40分ほどバスに揺られて5合目登山口に到着。天気は曇り、眺望はなかったけど、暑くなくて快適。登山口付近の空きスペースで、飲み食いしながらだらだらして過ごす。これも気圧に体をならすため。私も幼馴染も高山病経験者なので(私はスキーで奥志賀へ一気にロープウェイで上がって激しい頭痛に襲われながら滑った経験あり)、とにかく高山病にはなりたくない一心で、できる対策はしつくした。
いよいよ登山開始
準備万端で、いよいよ登山開始。この日の目標は9合目までなので、登りきれるか緊張しながら歩みを進めた。5合目から6合目まではぼちぼち登ってほぼコースタイム通り。大変だったのは6合目から7合目の砂利道で、登っても登っても登った感じがしない。それなのに疲労がたまる…。

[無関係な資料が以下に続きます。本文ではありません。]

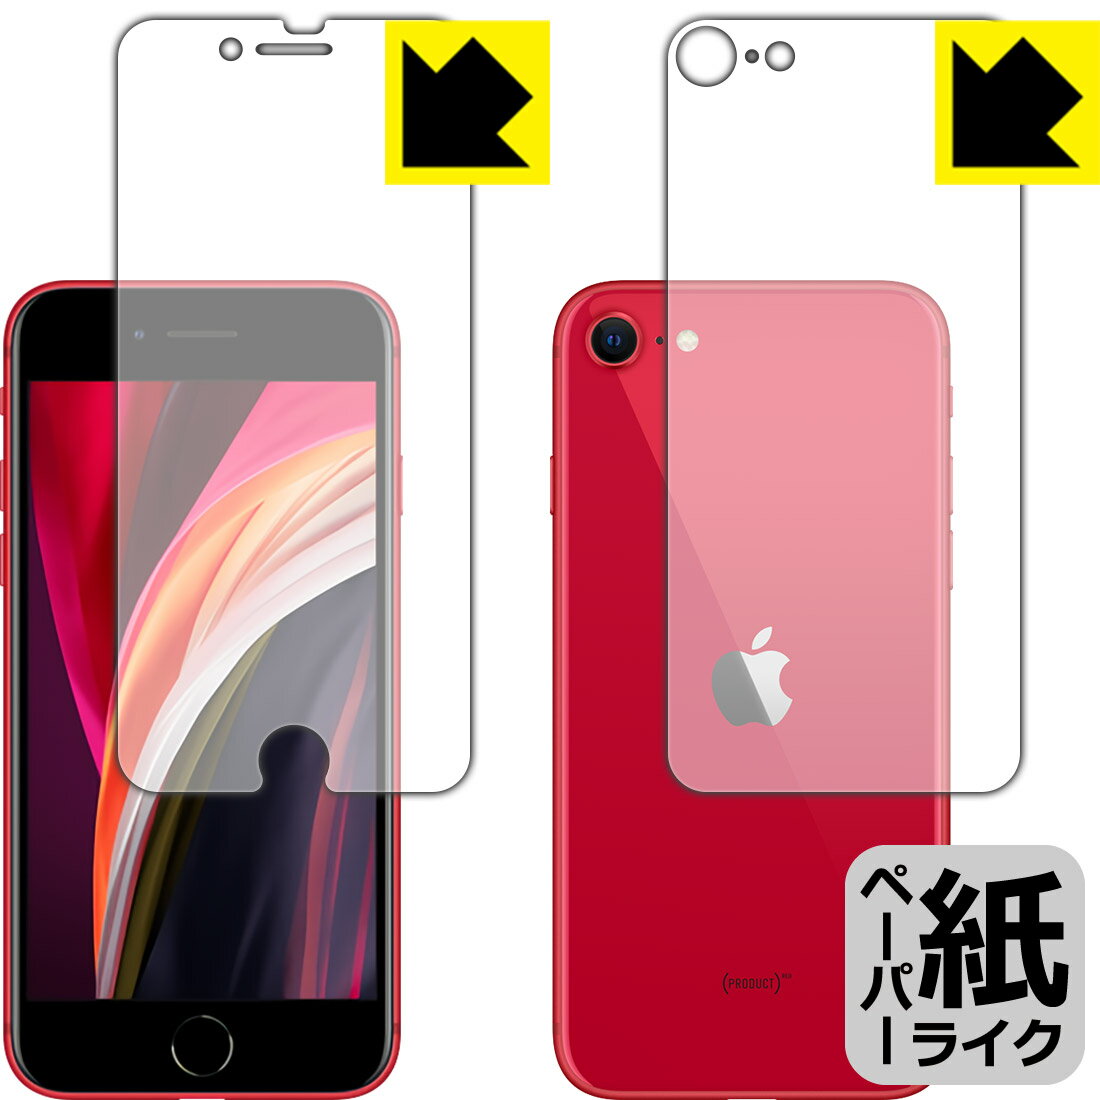 ペーパーライク保護フィルム iPhone SE (第2世代) 両面セット 【O型】 日本製 自社製造直販

この頃から、下山する人と多くすれ違うようになった。おそらくご来光を拝んでこられた方々なのだろうけど、特に海外の方たちの軽装が目立つ。防寒はしていたらしい…というか、7合目まで降りてきたならダウンいらなくね?みたいな…。総じて疲労困憊、エックスで「アジア圏からの旅行者は山岳地帯住みの人も多いから、軽装でも大丈夫」とかいう投稿見たけど、どう見ても都市部か平野部で普段から山なんて登らんだろうって人がほとんど。言うたら国関係なく、軽装でヨレヨレになりながら降りてくる人と、ちゃんとした装備で余裕を持って降りてくる人ときっぱり分かれてた。軽装だとまず靴が違うからすぐに分かるし、砂利道を安全に下るためにはストックが必要だし、そういうものがなく下ってくる人は見ているこっちもヒヤヒヤする。…そんな他人のことをああだこうだ言う余裕があるのかと聞かれると、そんな余裕まったくないわけで、ゼイゼイしながら何とかかんとか標高を稼いでいった。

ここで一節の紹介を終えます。